Gnant Michael, Dubsky Peter, Hadji Peyman
Department of Surgery, Medical University of Vienna, Wien, Austria.
Recent Results Cancer Res. 2012;192:65-91. doi: 10.1007/978-3-642-21892-7_3.
Disease recurrence and distant metastases remain challenging for patients with breast cancer despite advances in early diagnosis, surgical expertise, and adjuvant therapy. Bone is the most common site for breast cancer metastasis, and the bone microenvironment plays a crucial role in harboring disseminated tumor cells (DTCs), a putative source of late relapse in and outside bone. Therefore, agents that affect bone metabolism might not only prevent the development of bone lesions but also provide meaningful reductions in the risk of relapse both in bone and beyond. Bisphosphonates bind to mineralized bone surfaces and are ingested by osteoclasts, wherein they inhibit osteolysis, thereby preventing the release of growth factors from the bone matrix. Therefore, the bone microenvironment becomes less conducive to survival and growth of DTCs and bone lesion formation. Recent trials of zoledronic acid in the adjuvant setting in breast cancer have demonstrated reduced disease recurrence in bone and other sites in premenopausal and postmenopausal women with early breast cancer. Based on the proven effect of bone protection during adjuvant endocrine therapy, new treatment guidelines recommend the routine use of bisphosphonates to prevent bone loss during adjuvant therapy, which may likely become the standard practice.

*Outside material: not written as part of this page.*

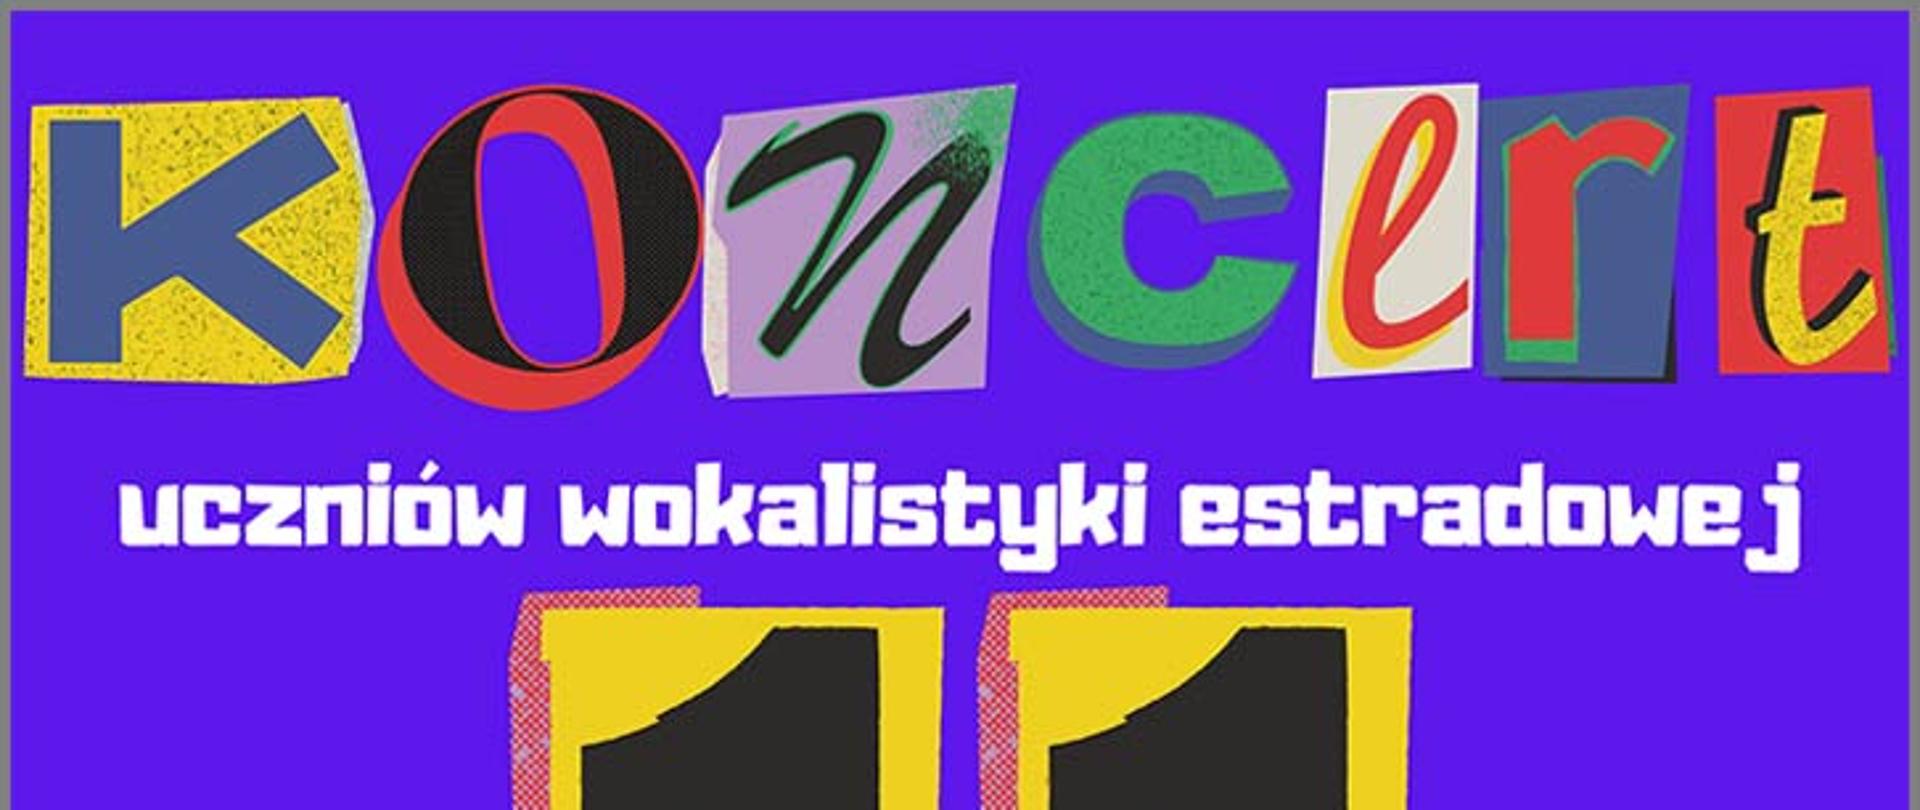 Afisz koncertu uczniów sekcji Wokalno-Estradowej - 11 marca 2022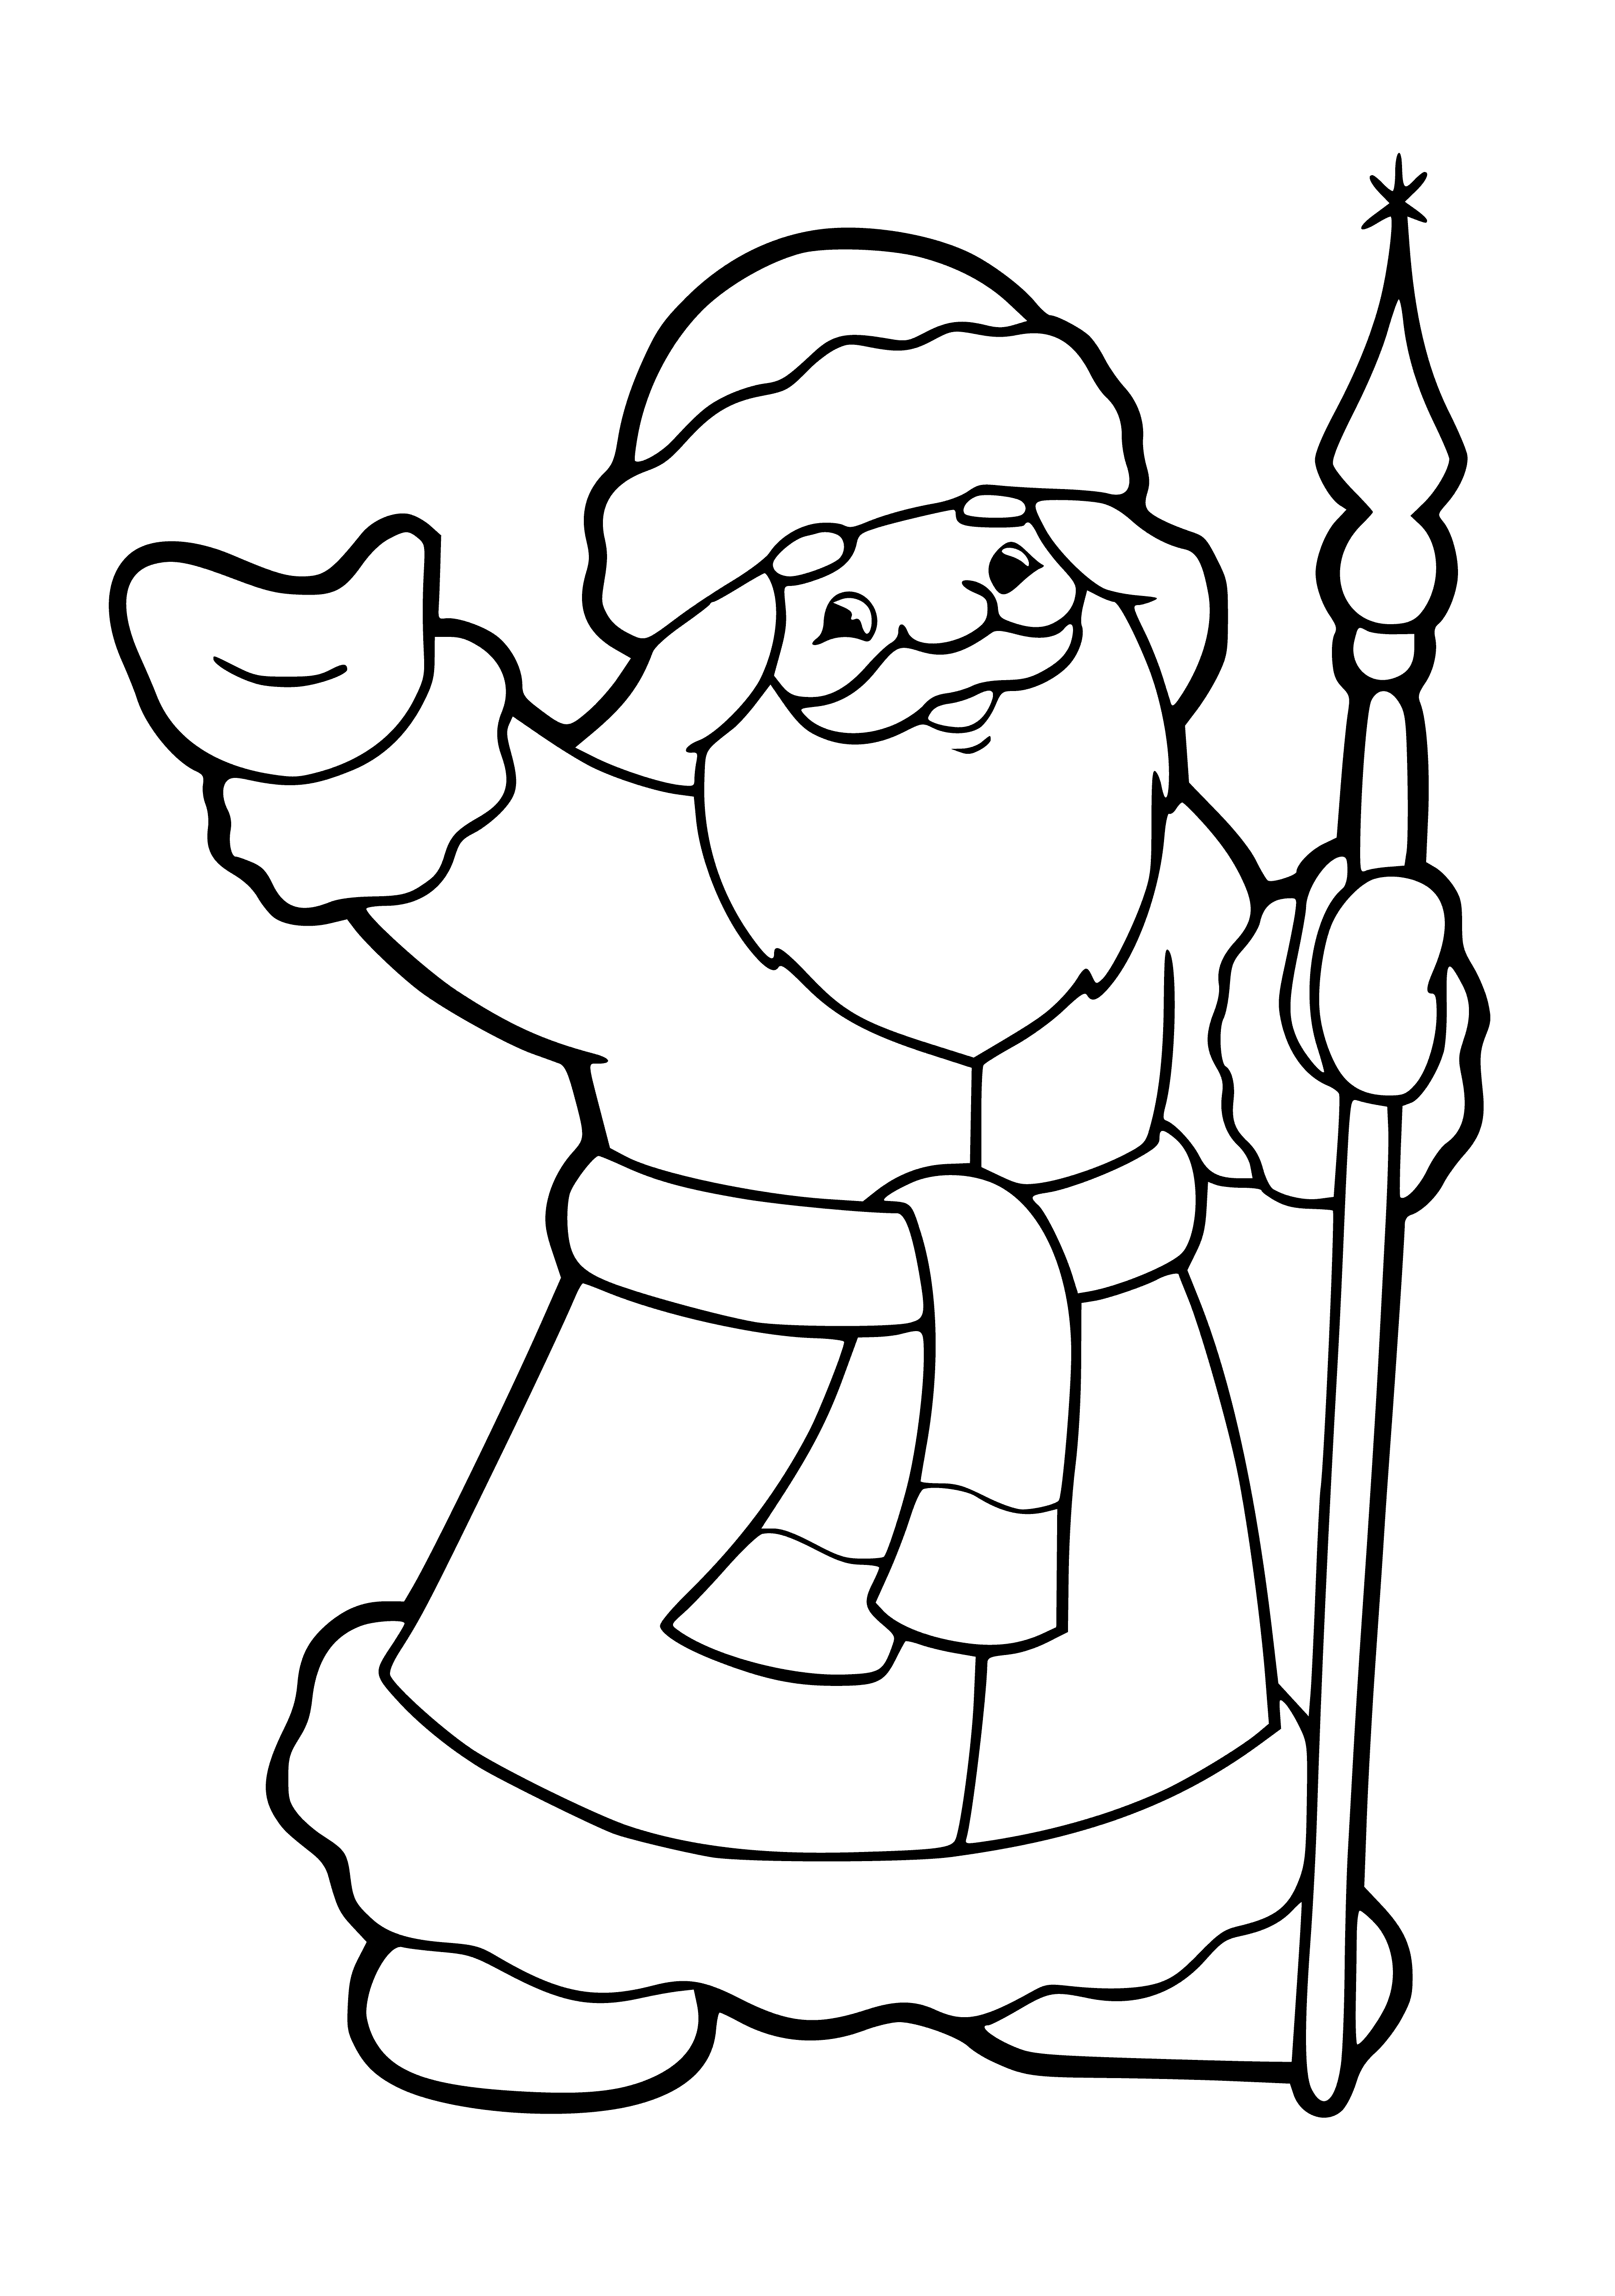 Дед Мороз с посохом раскраска

尽管在早期诊断、手术技术和辅助治疗方面取得了进展,但疾病复发和远处转移对乳腺癌患者来说仍然是一个挑战。骨是乳腺癌转移最常见的部位,骨微环境在容纳播散肿瘤细胞(DTCs)方面起着关键作用,DTCs被认为是骨内外晚期复发的来源。因此,影响骨代谢的药物不仅可以预防骨病变的发生,还可能显著降低骨内及其他部位复发的风险。双膦酸盐与矿化骨表面结合并被破骨细胞摄取,在破骨细胞内它们抑制骨溶解,从而防止生长因子从骨基质中释放出来。因此,骨微环境变得不利于DTCs的存活和生长以及骨病变的形成。近期在乳腺癌辅助治疗中使用唑来膦酸的试验表明,早期乳腺癌的绝经前和绝经后女性骨及其他部位的疾病复发减少。基于辅助内分泌治疗期间已证实的骨保护作用,新的治疗指南建议常规使用双膦酸盐预防辅助治疗期间的骨质流失,这可能会成为标准做法。